I know that is asking a lot for the SSD prices.

Thanks in advance,
stinger


----------



## claylomax (Feb 15, 2012)

This one is less that a pound per Gb: http://www.scan.co.uk/products/64gb-ocz-technology-octane-25-ssd-sata-ii-3gb-s-indilinx-everest-mlc-flash-read-275mb-s-write-75mb-s


----------



## francis511 (Feb 15, 2012)

What sort of read/write speeds were you thinking of , if any ?


----------



## stinger608 (Feb 15, 2012)

claylomax said:


> This one is less that a pound per Gb: http://www.scan.co.uk/products/64gb-ocz-technology-octane-25-ssd-sata-ii-3gb-s-indilinx-everest-mlc-flash-read-275mb-s-write-75mb-s



Thanks Clay, however I am on the "other" side of the pond. 



francis511 said:


> What sort of read/write speeds were you thinking of , if any ?



Have no frigging idea.  New to the SSD world. Just going to be using it for an SRT drive with a Z68 Sandy Bridge system.


----------



## claylomax (Feb 16, 2012)

Oops, my bad; and that SSD I told you about is still SATA II.


----------



## Liquid Cool (Feb 19, 2012)

Up until this last purchase I've been using the Intel SSD's only.  I have or have owned the 40, 80, and 120 gb sizes.  Although, I just picked up a Samsung 830 in 64gb for 99. from Newegg.  I believe it's still on sale(The promo code was in one of the ads.)

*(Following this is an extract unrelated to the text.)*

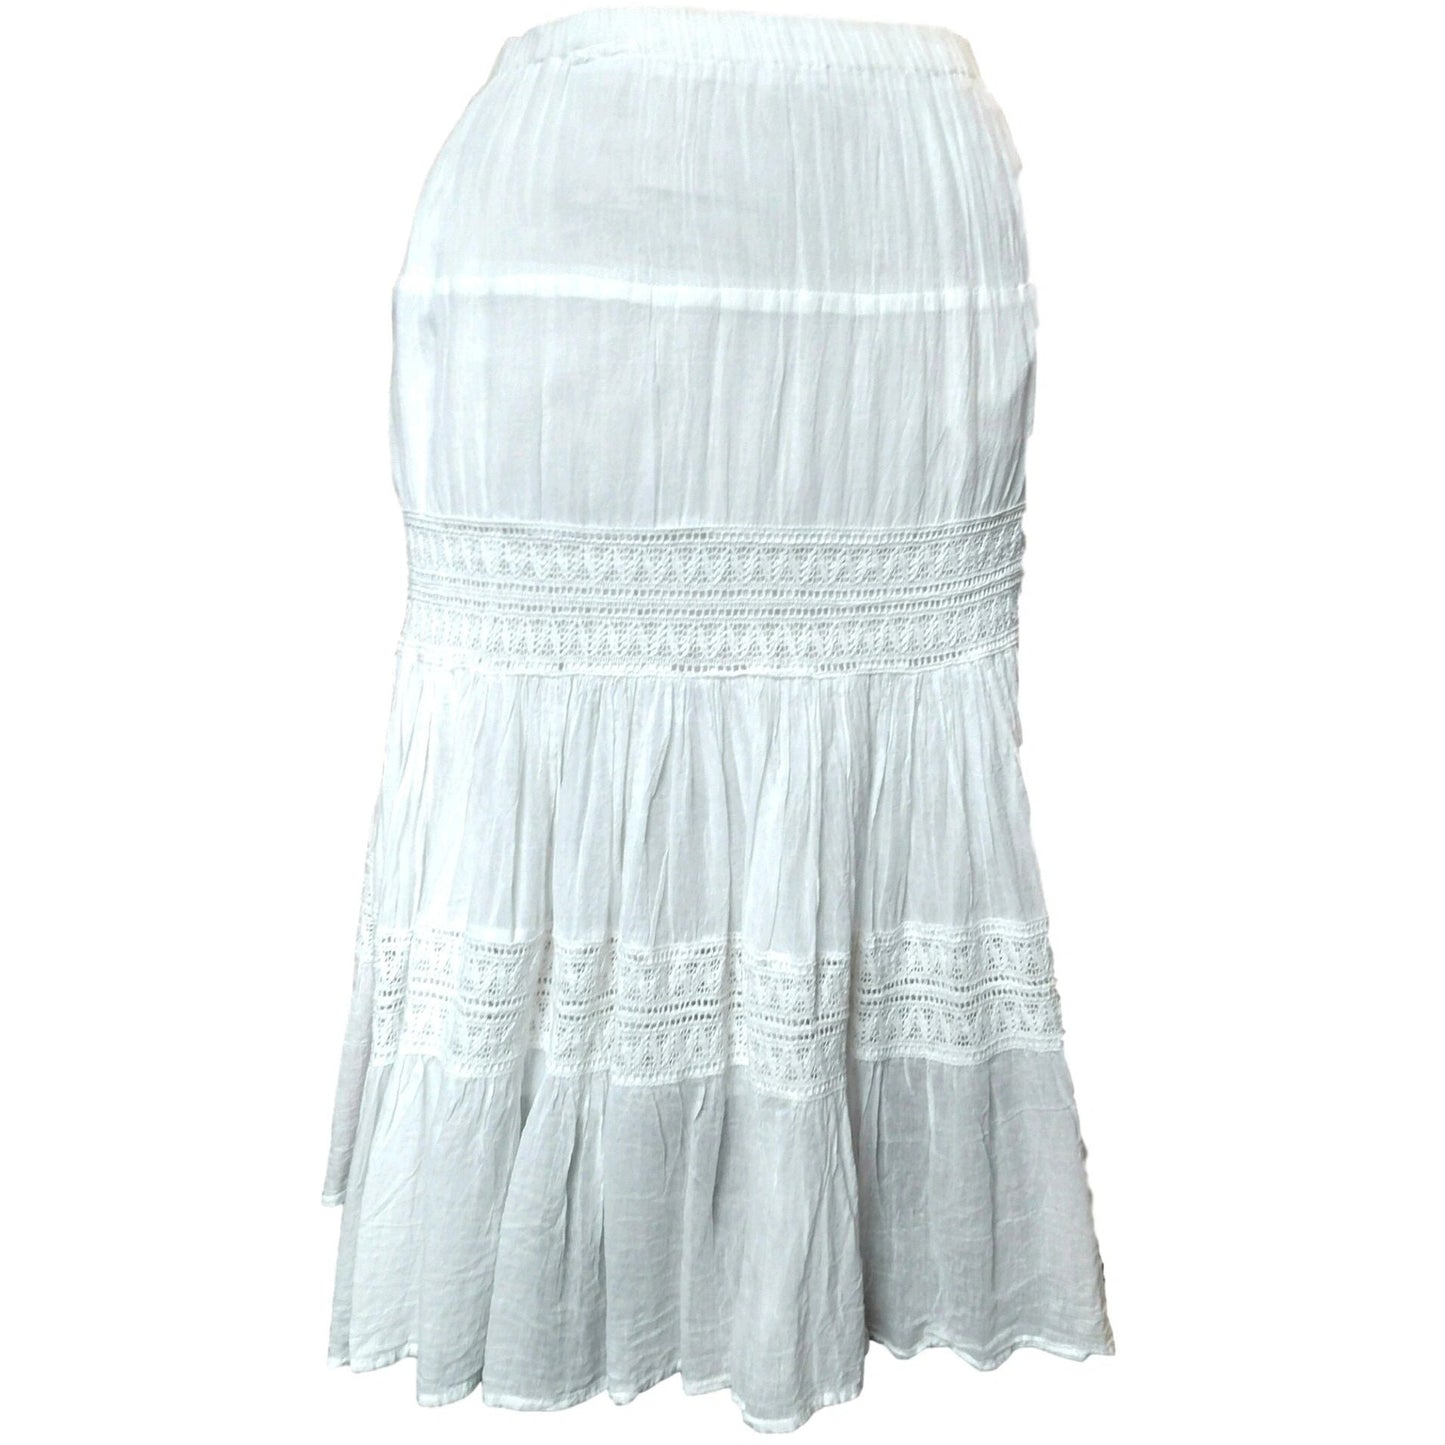 Adini White Cotton Crinkle Skirt with Crochet Insert
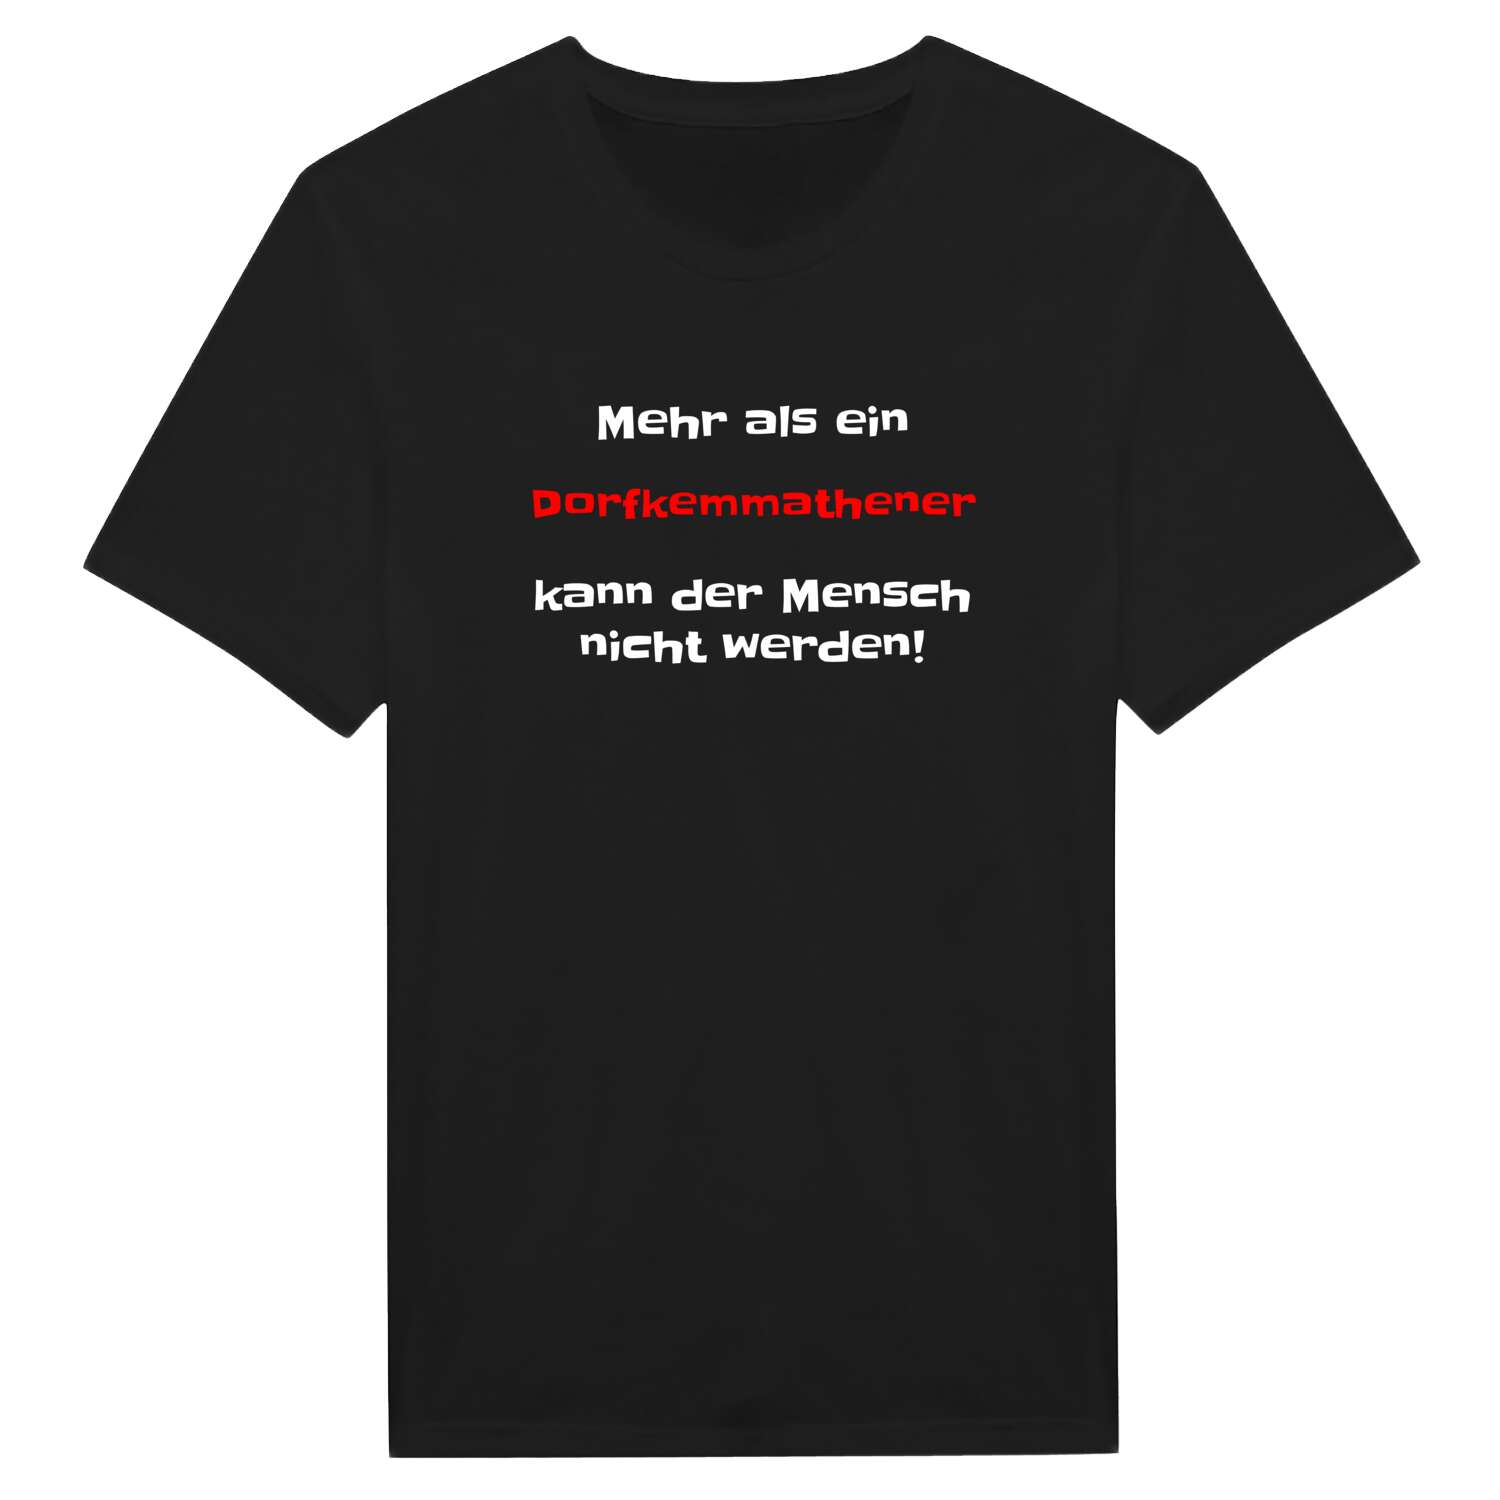 Dorfkemmathen T-Shirt »Mehr als ein«

I felt as though I was missing out on something.  This thing is blazing fast.  I was actually a little shocked...it's quick.  Hasn't had a single hiccup and the Samsung SSD Magician software it comes with...while it doesn't look as polished as Intel's SSD Toolbox, it's pretty darn nifty.  

It's worth a look if you haven't purchased one yet.

Samsung 830

Best,

LC


----------



## Cybrnook (Feb 19, 2012)

I'm using this little bugger as a cache drive on a Intel Z68 chipset and its GREAT!

http://www.microcenter.com/single_product_results.phtml?product_id=0370701

Sandforce 2281 controller (one of the best from SF at the moment, virtually all the drives use it)

Made in the USA - 3 year warranty 

ANNNND has awesome R/W performance fro the $ (got the 120GB in my HTPC)


----------